On Fri, 1 Dec 2000, Greg Kuperberg wrote:

> On Fri, Dec 01, 2000 at 06:24:48PM +0000, Stevan Harnad wrote:
> sh> I. The empirical evidence against the thesis that
> sh> "preprint = postprint"
> >
> sh> Since the advent of public online self-archiving of research over a
> sh> decade ago, there has been NO SIGN WHATSOEVER of any change in
> sh> researchers' standard practise of continuing to submit all their
> sh> preprints to refereed journals (or refereed conference proceedings)
> sh> for peer review and publication. Self-archiving, as I have pointed
> sh> out many times, is a SUPPLEMENT TO, not a SUBSTITUTE FOR
> sh> peer-reviewed publication. For example, virtually every one of the
> sh> 130,000 papers in the Physics Archive eventually appears in a
> sh> refereed journal, and this has been true from the very first days
> sh> of the archive onward: The preprint appears first, and then (within
> sh> about 8-12 months) either the postprint is archived too, or the
> sh> preprint is updated to include the reference...
>
> I would not say "virtually every" but I agree that the great majority
> of papers in the arXiv system (counting physics and math) are eventually
> published in the traditional sense.

Not all submitted papers are eventually accepted by some journal, but
most are, across disciplines .

    Harnad, S. (1986) Policing the Paper Chase. (Review of S. Lock, A
    difficult balance: Peer review in biomedical publication.) Nature
    322: 24 - 5.

The number of papers that are not submitted for refereeing to any
journal at all is even smaller.

I agree that exact data on these figures would be preferable, but
"great majority" is good enough for now; in particular, it is enough to
refute the inferences and conclusions Greg is drawing from the
self-archiving data to date.

> And I also agree that the arXiv
> is intended to supplement peer review.
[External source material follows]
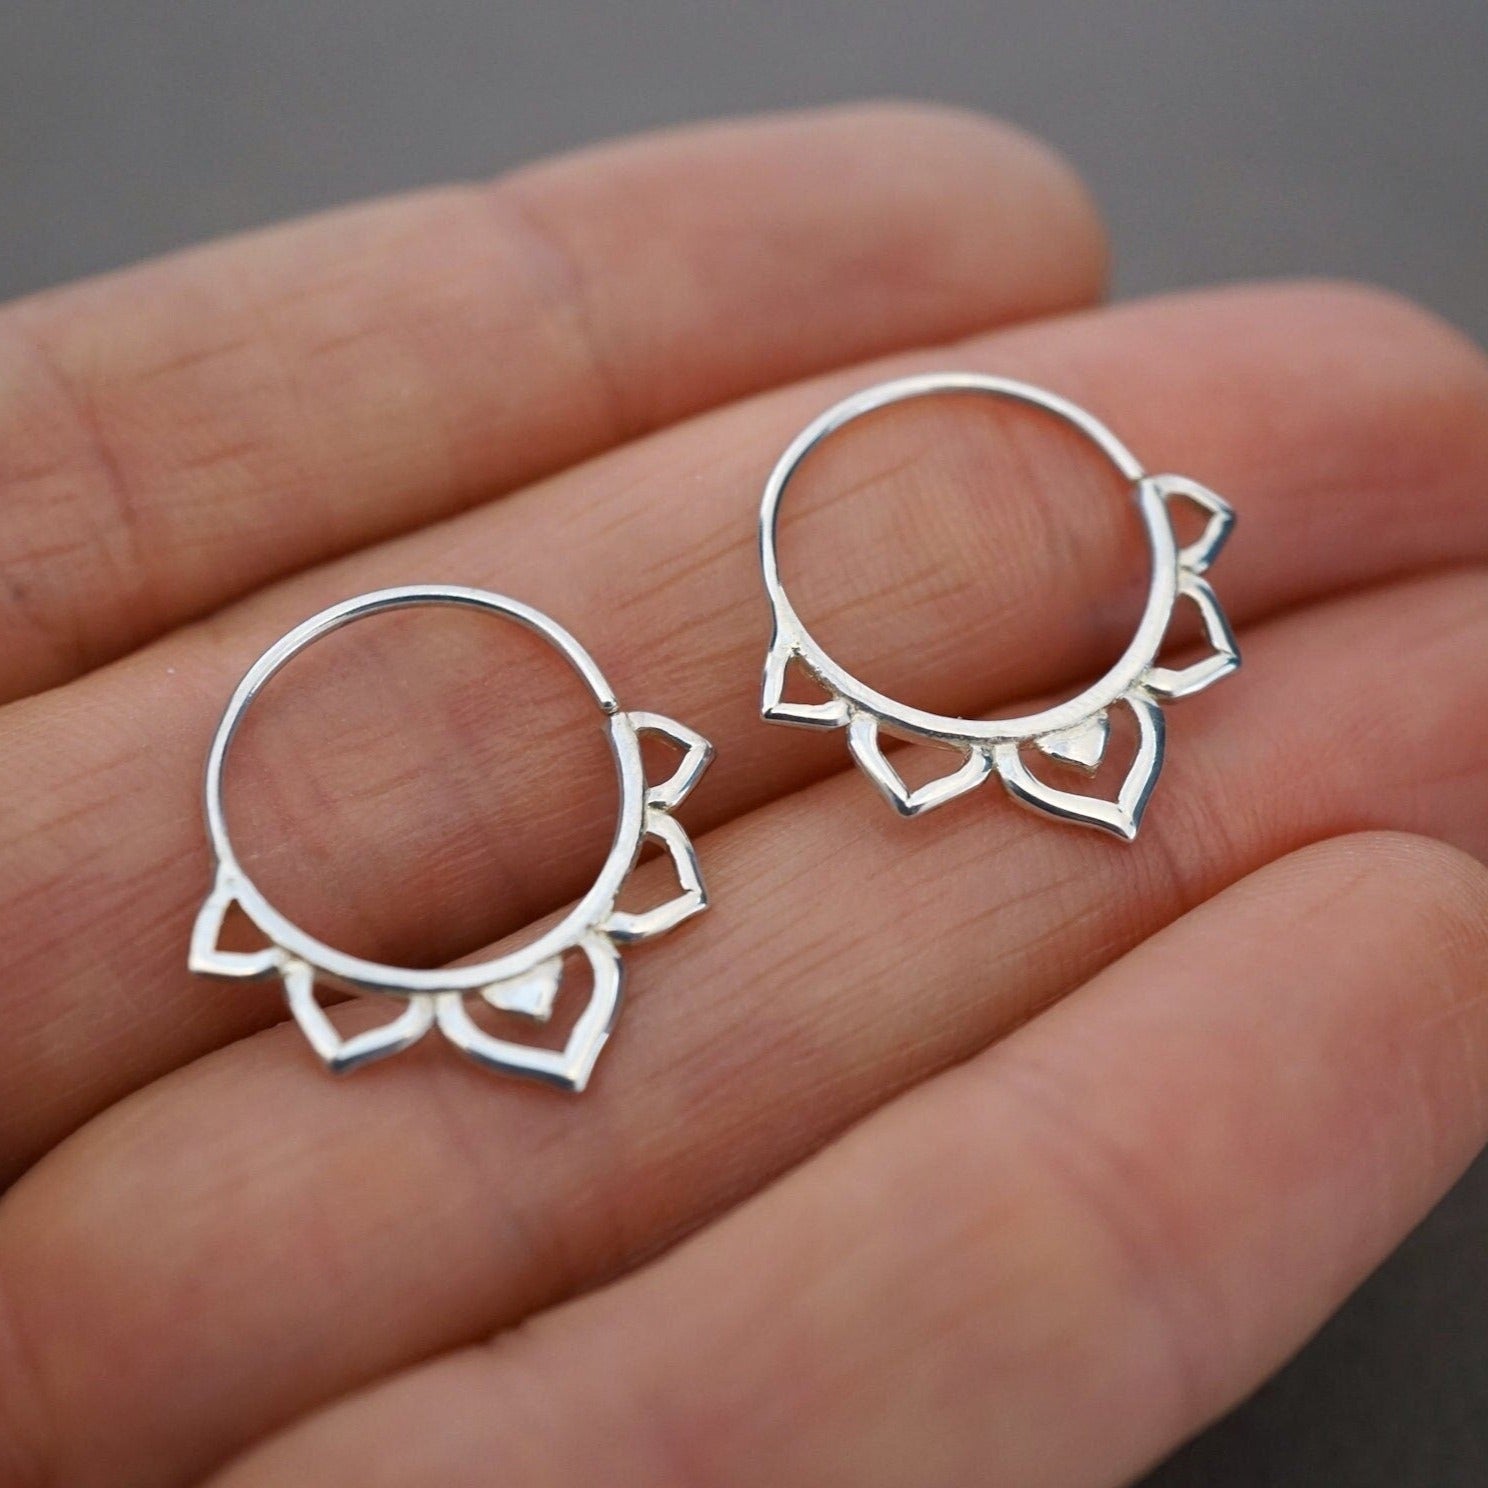 Star Flower Earrings - Solid Sterling Silver Hoops - Sleeper hoops - 14mm - One Pair - (296S)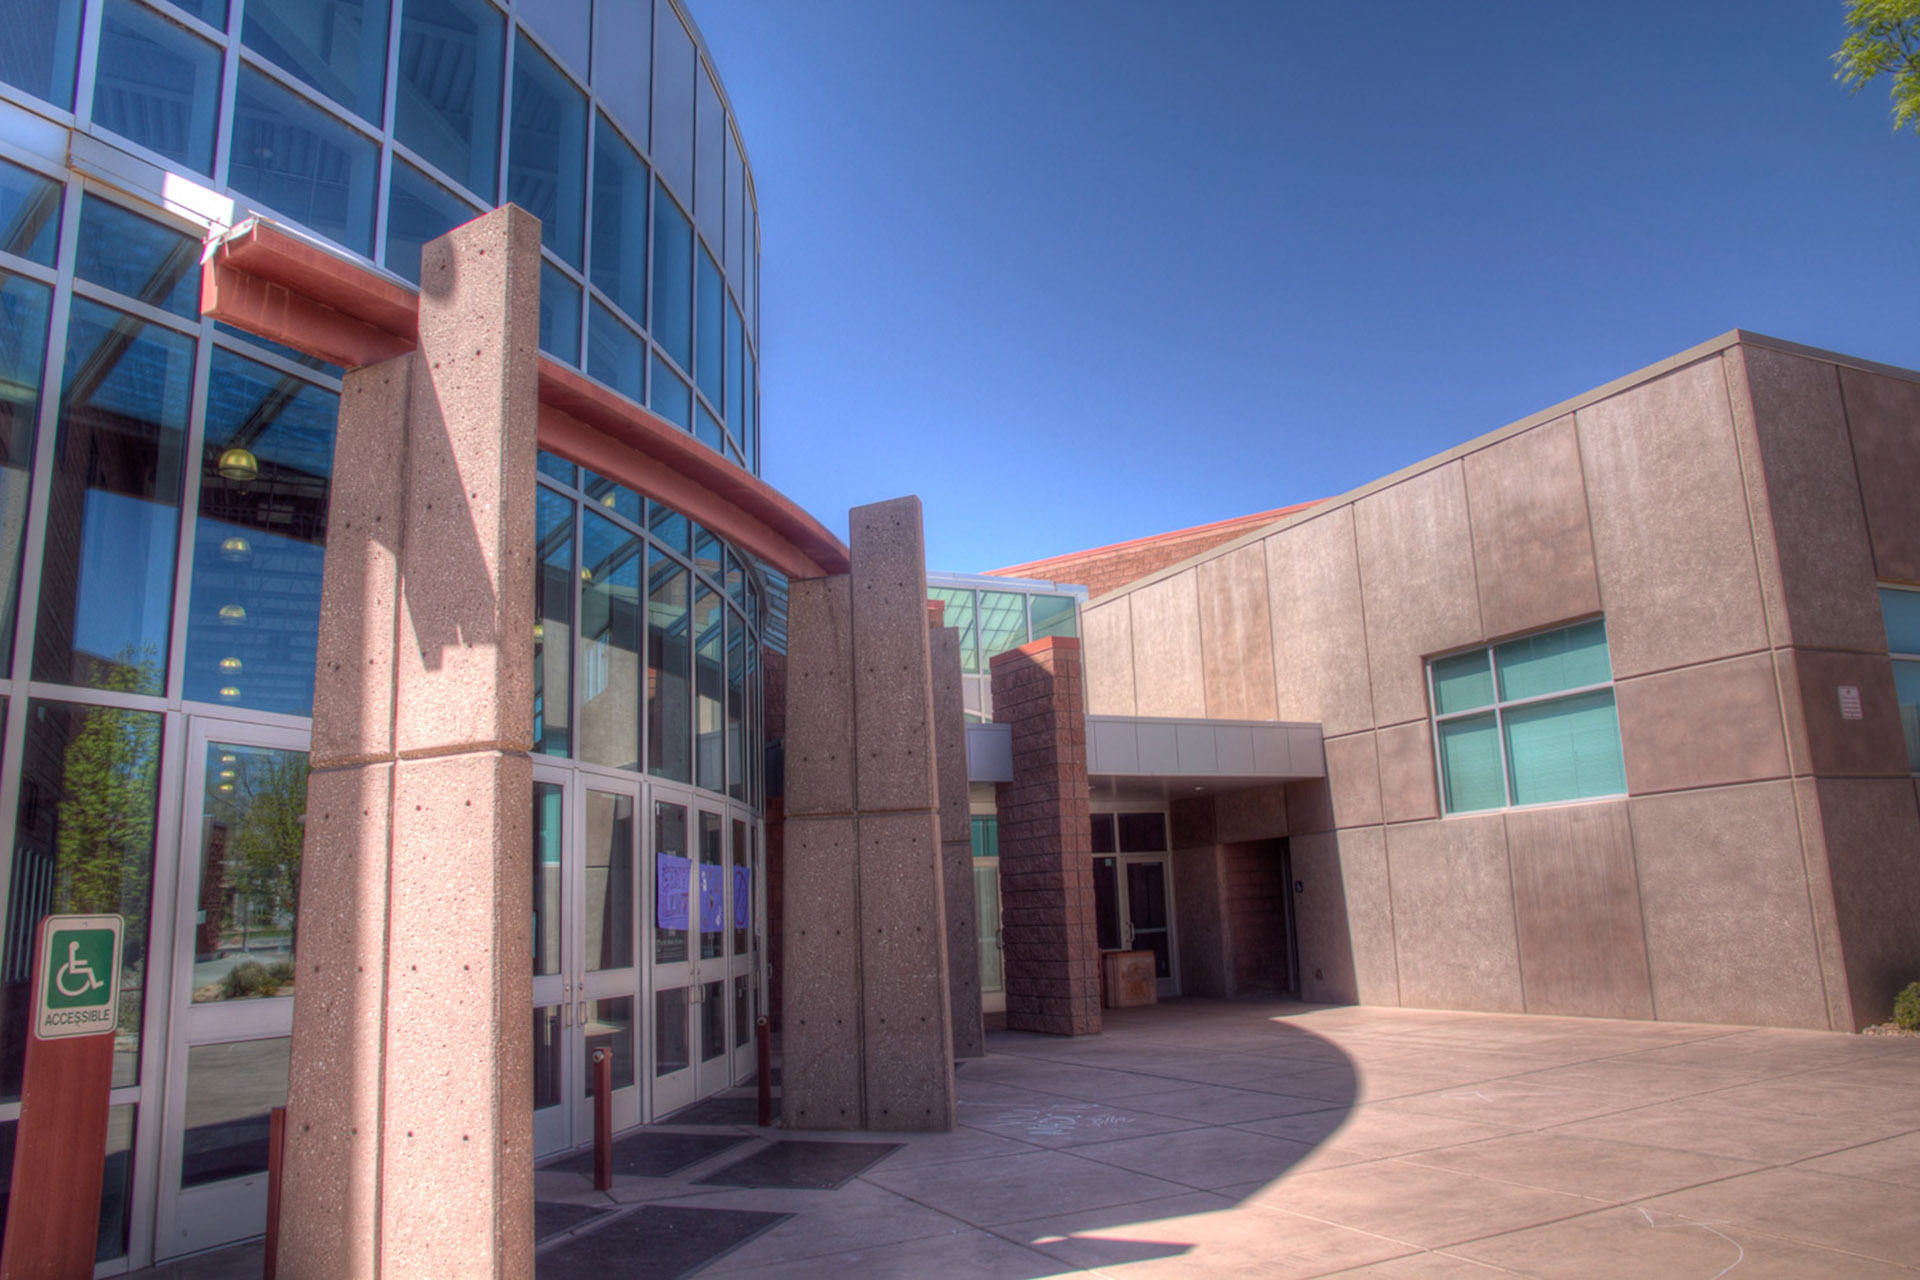 Dixie High School in St. George, Utah

But this is in no way evidence
> against the thesis that preprint equals postprint; rather it is evidence
> in favor.

I cannot follow this reasoning at all -- except if I accept Greg's
apparent assumptions (not backed up by any objective evidence at all)
that:

        (1) There is little substantive difference between preprint and
        postprint. I.e., refereeing makes ("virtually"?) no
        direct difference at all: Where are the data to support this
        contention?

    and

    (2) The "invisible hand" -- i.e., the fact that (the "vast majority"
    of) today's preprints are written with the foreknowledge that they
    will have have to be answerable to formal peer review, which is in
    turn implemented by and answerable to a qualified editor, choosing
    qualified referees, etc. -- makes no indirect difference either.
    I.e., there would be no difference between the quality and
    navigability of the preprints in the present,
    answerable-to-peer-review system, and the "p-prints" in a
    hypothetical future, unfiltered system in which they are not
    answerable-to-peer-review at all -- only perhaps (some of them? all
    of them?) to ad-lib, ad-hoc, self-appointed (peer?) post-commentary
    (if any should eventually materialize for any given
    "p-print"): Where are the data to support this contention?

For unless Greg can produce credible evidence in support of (1) and
(2), the DEFAULT conclusion, based on the present universal system, is
that the current quality of the refereed journal literature is due,
both directly and indirectly, to peer review: That is what is
responsible for both the preprint/postprint difference and the
"p-print"/preprint difference, and the difference is qualitative.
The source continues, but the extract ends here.